12) Children’s privacy

The Services are not directed to children. We do not knowingly collect personal information from persons under 18. If you believe a child has provided personal information, contact nathan@dividendgrowthmachine.com and we will delete it.

13) Do Not Track

Your browser may send Do Not Track (DNT) signals. At this time, we do not respond to DNT. We do honor Global Privacy Control (GPC) as described in §§7–8.

14) Links to other sites

Our Services may include links to third-party sites or embedded content. Those sites are not under our control, and their privacy practices apply. Review their policies for details.

15) Business transitions

If we are involved in a merger, acquisition, reorganization, or sale of assets, personal information may be transferred as part of that transaction, subject to this Policy.

16) Changes to this Policy

We will post updates here with a new “Last updated” date. If we make material changes, we will provide a prominent notice (e.g., in-app banner or email). Your continued use after the effective date constitutes acknowledgment.

17) How to contact us

Questions or requests about this Policy or your personal information:
Email: nathan@dividendgrowthmachine.com`
Postal: Dividend Growth Machine LLC, 6741 Black Oak W Ct / Avon, IN, USA

18) California (CPRA) disclosures

Categories collected (past 12 months): Identifiers; Commercial information; Internet/usage data; Geolocation (coarse, from IP); Inferences.
Sources: You; your devices; processors; transaction processors (Lemon Squeezy).
Purposes: See §5.
Disclosures: We disclose to service providers/processors (§6). We do not sell personal information for money. We do not share personal information for cross-context behavioral advertising unless explicitly stated and controllable via a Do Not Sell or Share link.
Sensitive Personal Information: Not used or disclosed for additional purposes requiring a right to limit.
Non-discrimination: We will not discriminate against you for exercising your rights, though some features may require certain data to function.

19) Cookie/Tracking notice (summary)

We use essential cookies (security, session, load balancing) and non-essential cookies (analytics, product improvement).

On first visit where required, we show a cookie banner that allows Accept All / Reject All / Save Preferences, links to Cookie Settings, and references this Policy.
You can change preferences anytime via Cookie Settings (/cookie-settings) and through your browser.

20) Cross-references & incorporation

This Policy is referenced by and incorporated into our Terms of Service.
For customers that require it, we offer a Data Processing Addendum (DPA) (including SCCs where applicable).
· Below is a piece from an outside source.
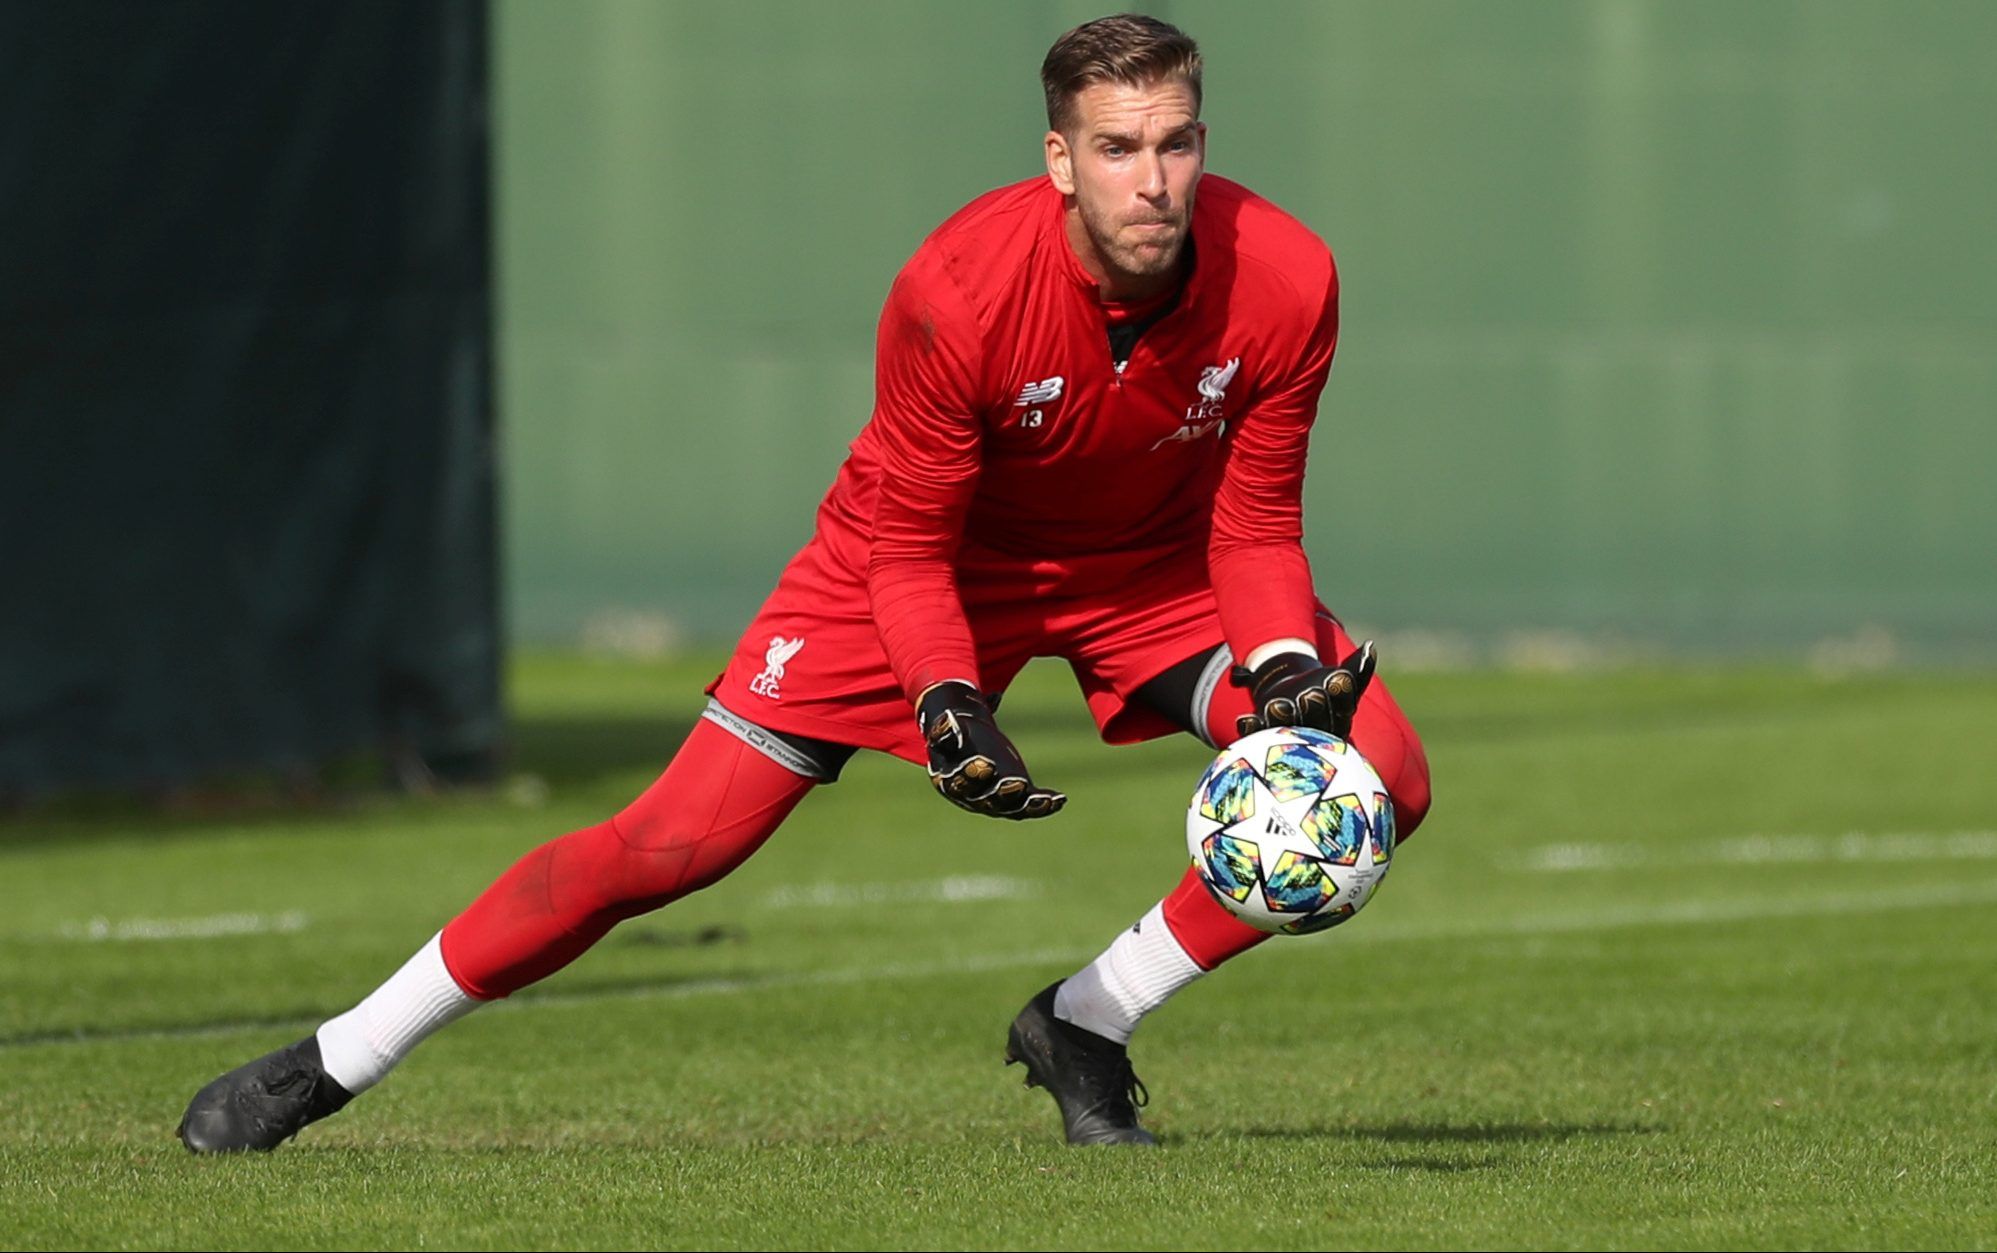 Soccer Football - Champions League - Liverpool Training - Melwood, Liverpool, Britain - September 16, 2019   Liverpool's Adrian during training   Action Images via Reuters/Lee Smith

Contact nathan@dividendgrowthmachine.com.

Annex A – Service providers and subprocessors (illustrative; keep current on your site)

Maintain this as a living list or link to a hosted page you can update without republishing the whole Policy.

Provider	Role	Data categories	Location	Transfer mechanism
Supabase	Hosting, authentication, database	Identifiers, usage, account metadata	USA/EU (as configured)	DPA + SCCs (if applicable)
Lemon Squeezy	Merchant of record, payments, tax/VAT	Identifiers, transaction metadata	USA/EU/UK	Independent controller (see their policy)
Email service (e.g., Postmark/Mailgun/SES)	Transactional email	Identifiers, service notices	USA/EU	DPA + SCCs (if applicable)
Error monitoring/logging (e.g., Sentry)	Diagnostics	Usage/technical data	USA/EU	DPA + SCCs (if applicable)
Analytics (privacy-centric)	Product analytics	Usage/inferences	As configured	DPA + SCCs (if applicable)

Publish checklist (implementation)

Footer: Terms of Service • Privacy Policy • Do Not Sell or Share (if applicable) • Cookie Settings.
Checkout/Sign-up: “By creating an account, you agree to the Terms of Service and acknowledge the Privacy Policy,” with both links visible.
Cookie banner: respect GPC; provide Reject All in jurisdictions that require it.
Requests log: track incoming privacy requests, verification, and dispositions.
Keep Annex A aligned with your actual vendors. If you later add adtech, update §§7–8, the banner, and this Annex.